▶ **DESCRIPTION OF THE TASK**: Give back exactly the lines of the material below that start at the one holding "دانلود آهنگ جدید محمود نجفی به نام مرز ایمان" and end at the last line, minus the pictures.

▶ **SUPPLIED MATERIAL**:
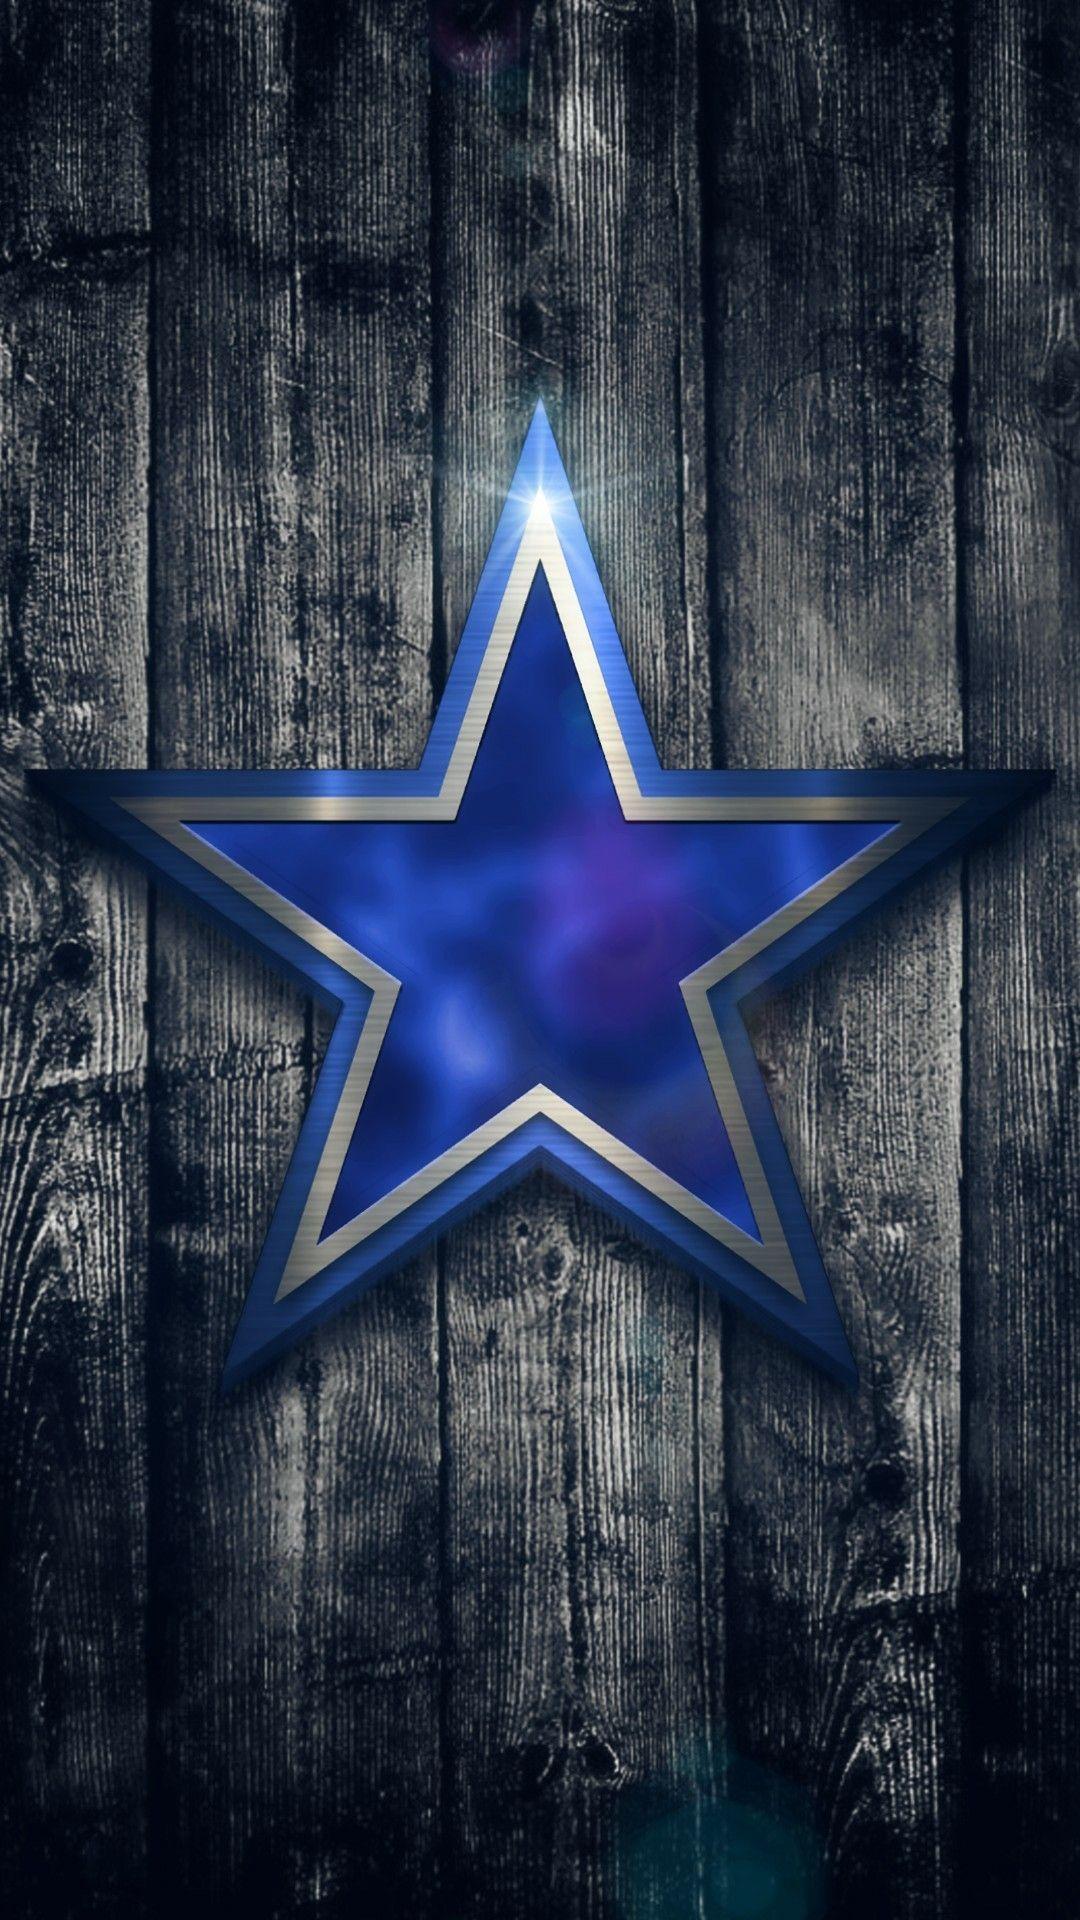 Dallas Cowboys Logo Wallpapers Top Free Dallas Cowboys Logo Backgrounds Wallpaperaccess
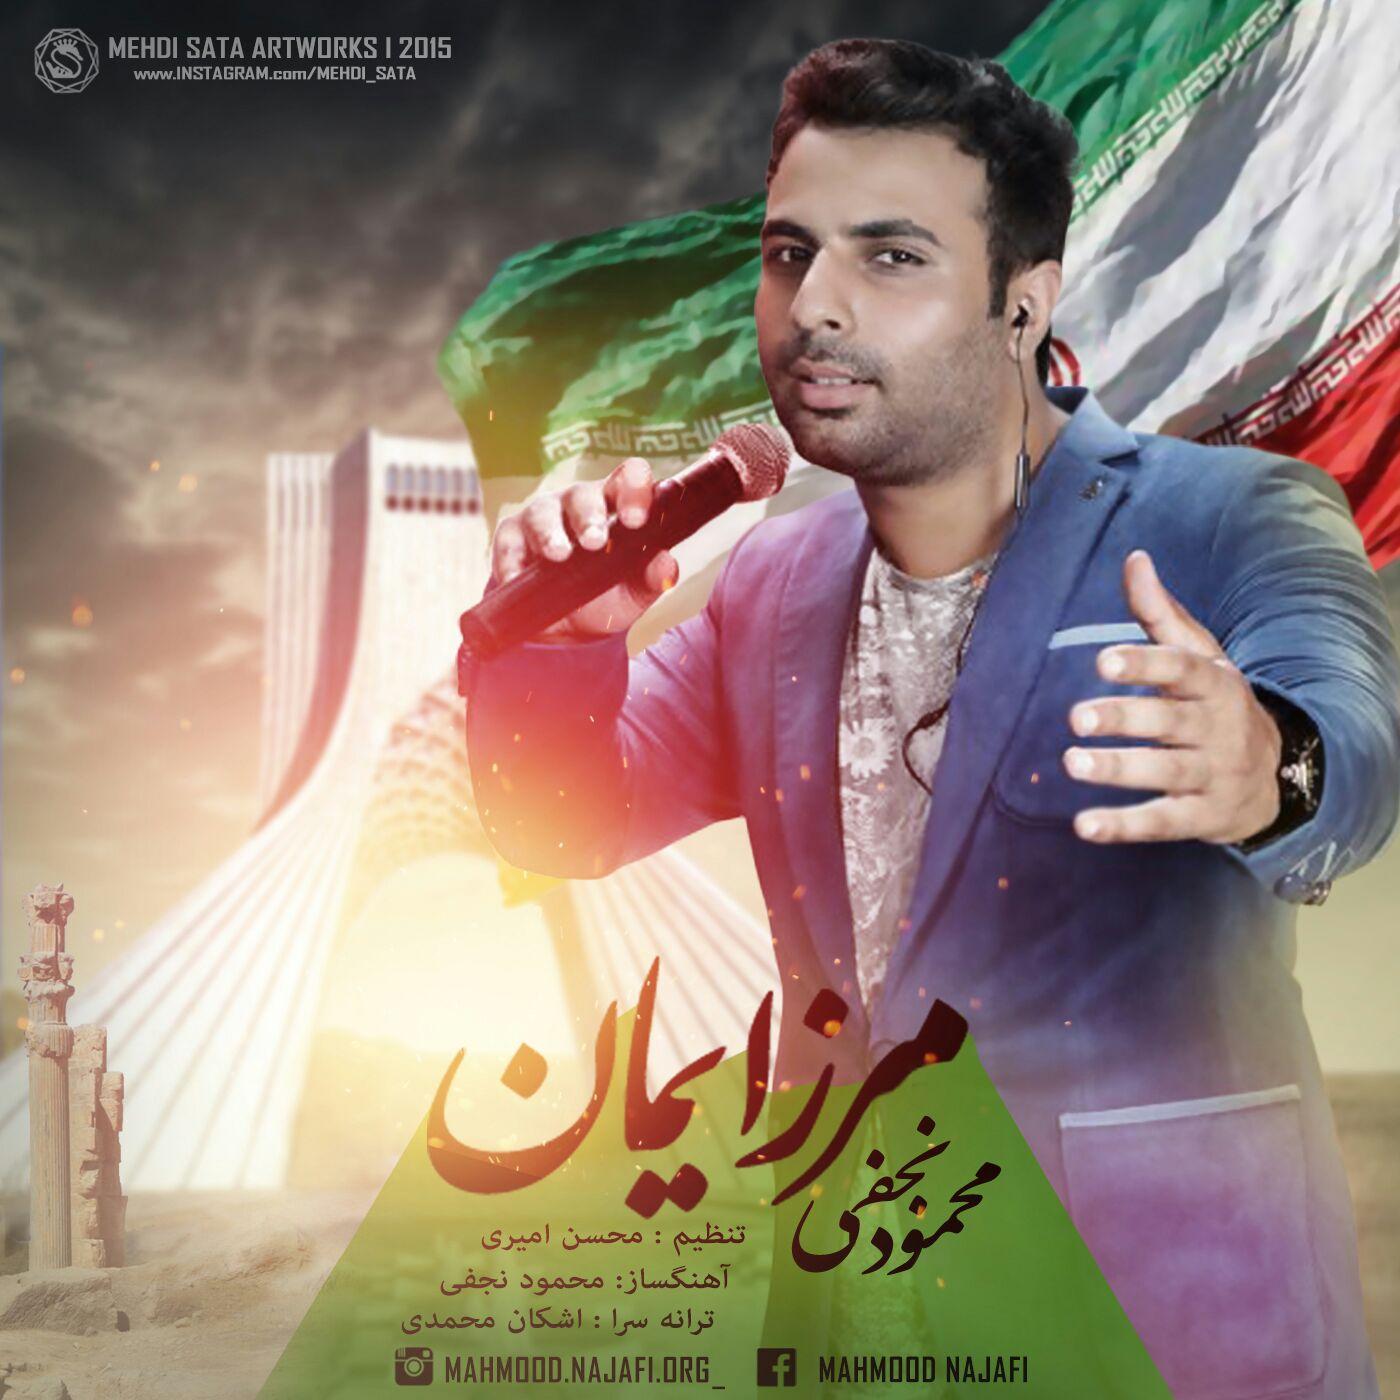 دانلود آهنگ جدید محمود نجفی به نام مرز ایمان
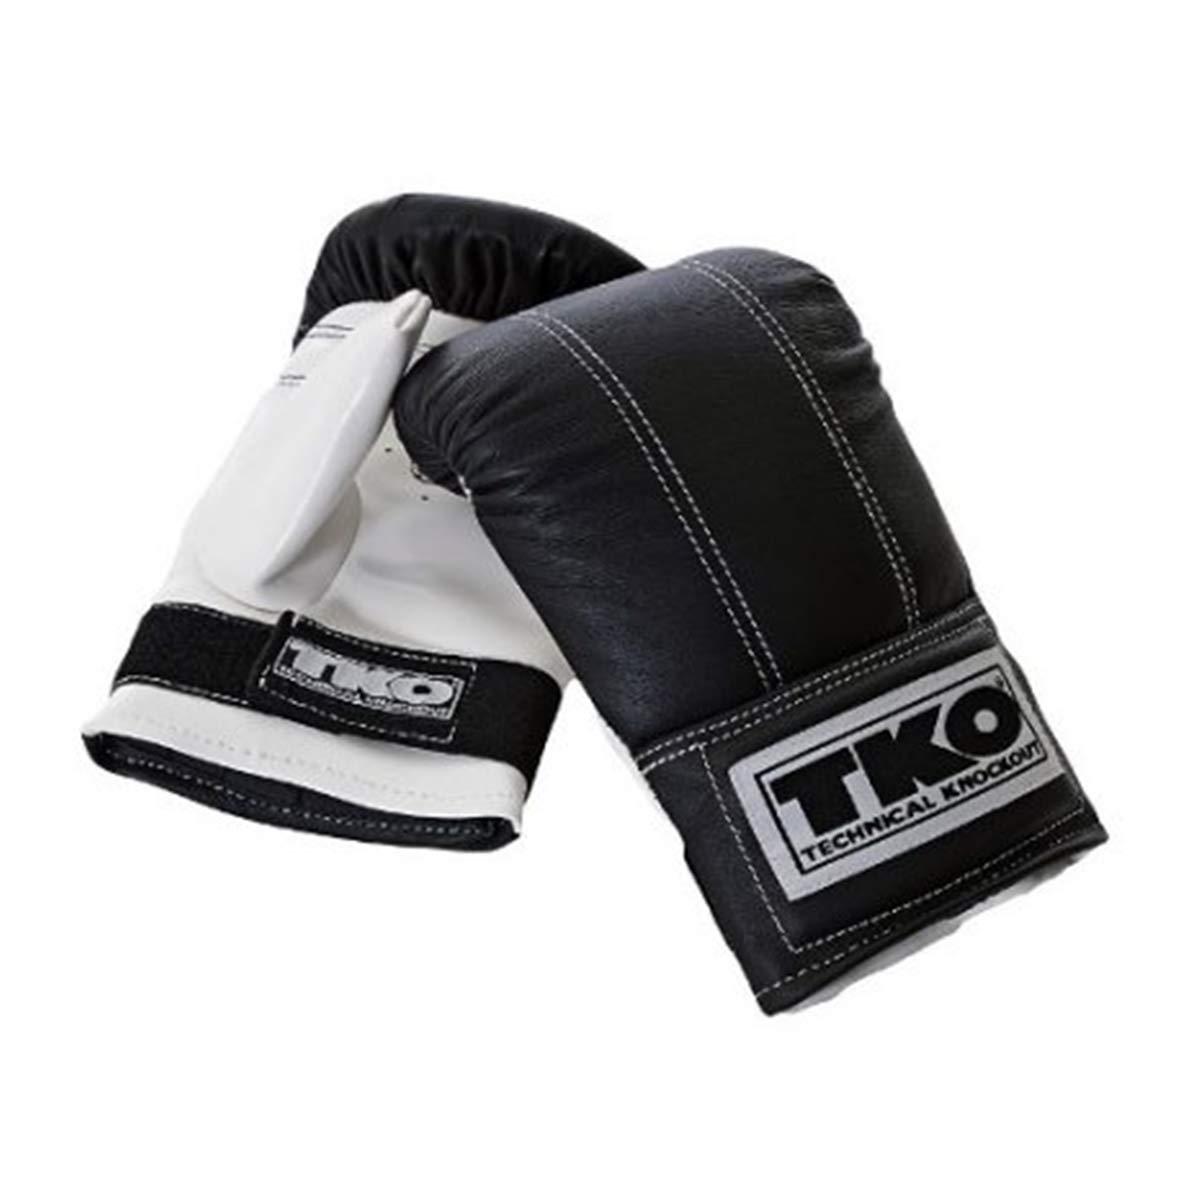 Proスタイルバッグ手袋inブラックandホワイト( Large – Xtra Large )

▶ **RESULT FOR THIS EXERCISE**:
 دانلود آهنگ جدید محمود نجفی به نام مرز ایمان
 Proスタイルバッグ手袋inブラックandホワイト( Large – Xtra Large )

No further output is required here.